Now it’s not only dry land, but beautiful land. Rows of poplars parallel the roads, mirroring long lines of windmills. The trees bend and the blades turn together in the wind, restless as the inland sea they have replaced. In the spring, the fields become long bright strips of tulips, let to bloom before their bulbs are harvested for sale. The only high points in the landscape are the dykes, without which, roadside signs remind us, this land would not exist. It’s a lightly populated place, with open country stretching between the neat and pleasant towns. The province is surrounded by lakes, which were all thick with pleasure boats that day, despite the late rain that kept the amusement park lines sparse.
This is all the product of a tremendous investment of work, money and energy, carried out on a generational timescale. It was built with the kind of expenditure that we don’t think we can make in these days of austerity and economic collapse.
But the bulk of the work of turning the Zuiderzee into the freshwater IJsselmeer and draining some of it to make Flevoland was done in the early Twentieth Century. That wasn’t a fat time in the Netherlands. Although Dutch neutrality preserved her young men from the killing fields of the First World War, no one in Europe was safe from the Depression. Then came World War 2, with the harsh and costly German occupation. And the Hunger Winter, which immediately followed liberation, was unspeakable. A few short years after that, the Watersnoodramp, the great flood of 1953, rendered 100,000 southern Dutch people homeless and soured a wide stretch of still-vital cropland.
Terrible times. And yet, in those terrible times, they chose to spend the extra resources to make the landscape a good place to live. And that was a choice rather than a coincidence, because everything about Flevoland was intensively planned, down to the ways that people would travel:
Contemporary trends had a major impact on the layout of Flevoland. The Northeast Polder is typified by farmland and by woodland on soil unsuitable for crops, and an urban centre in Emmeloord with a ring of ten satellite villages within cycling distance – cars were not a major factor in those days. By the time Eastern Flevoland fell dry, land use requirements had clearly changed. Farmland was still widely available, but outdoor recreational facilities and demand for residential areas and good road links now also jostled for space. There are now four urban centres in Eastern Flevoland, the provincial capital Lelystad, Dronten, Biddinghuizen and Swifterbant.

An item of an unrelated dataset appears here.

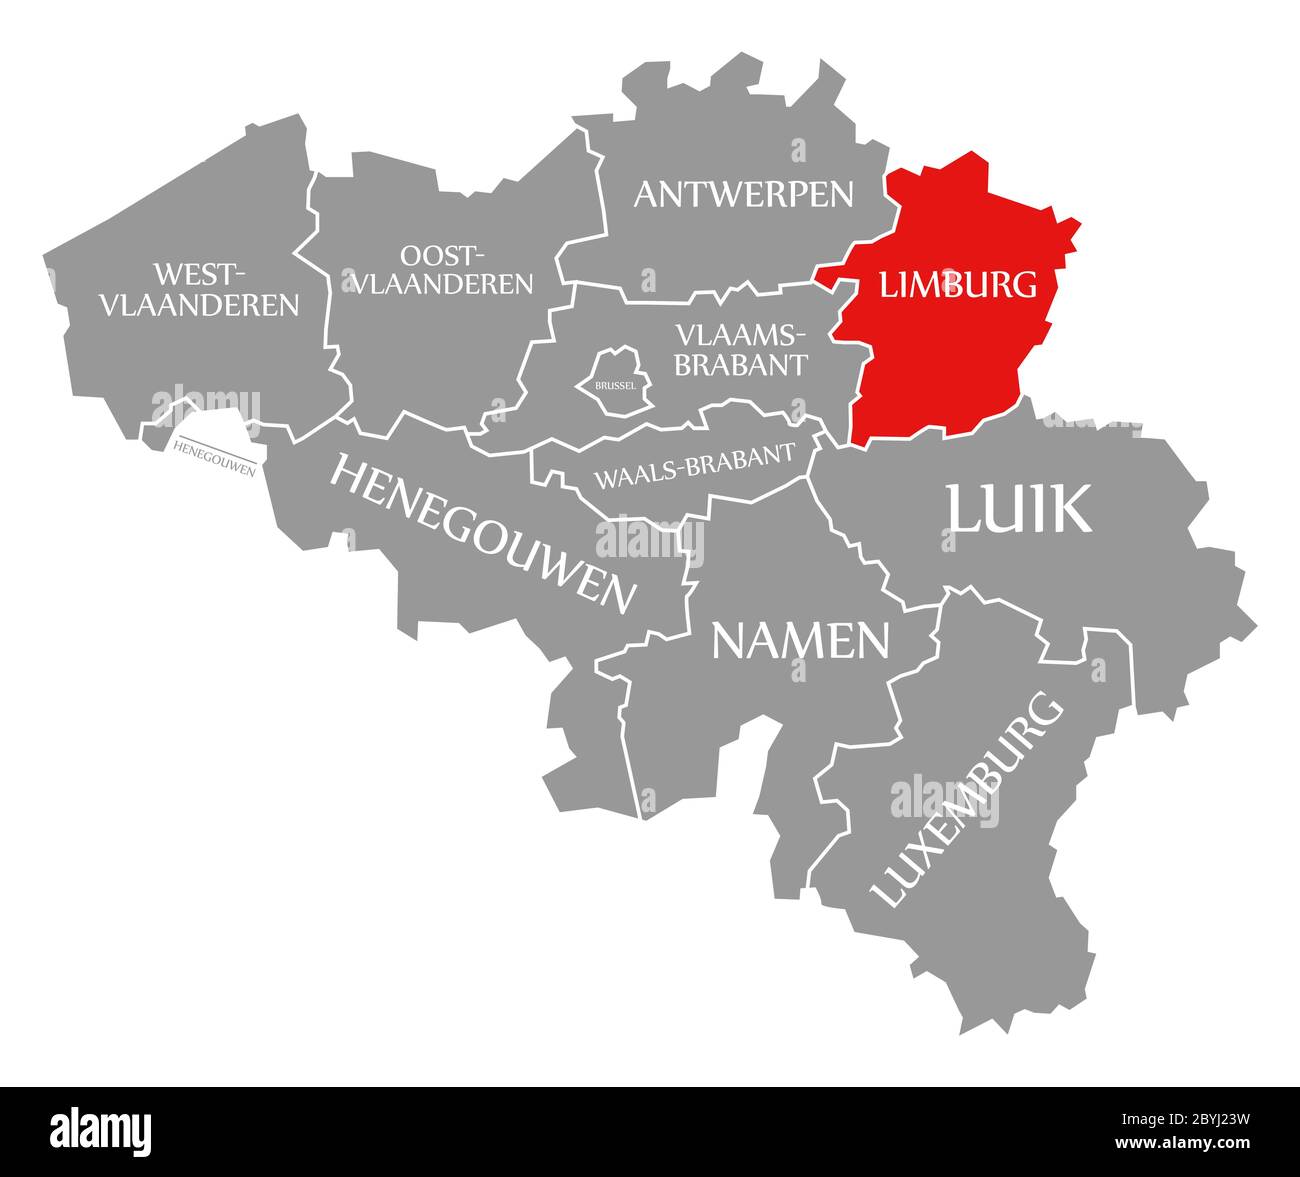 Limburg red highlighted in map of Belgium Stock Photo - Alamy

In Southern Flevoland the polder is no longer just an area of farmland. Together with greenbelt areas laid out for nature, recreation and agriculture, various urban centres make up the town of Almere, which currently has some 186,000 residents. The south-western corner of Flevoland has been designated as an overspill area for the country’s western metropoles. Zeewolde is located where woods and water meet – a fulcrum of outdoor recreation.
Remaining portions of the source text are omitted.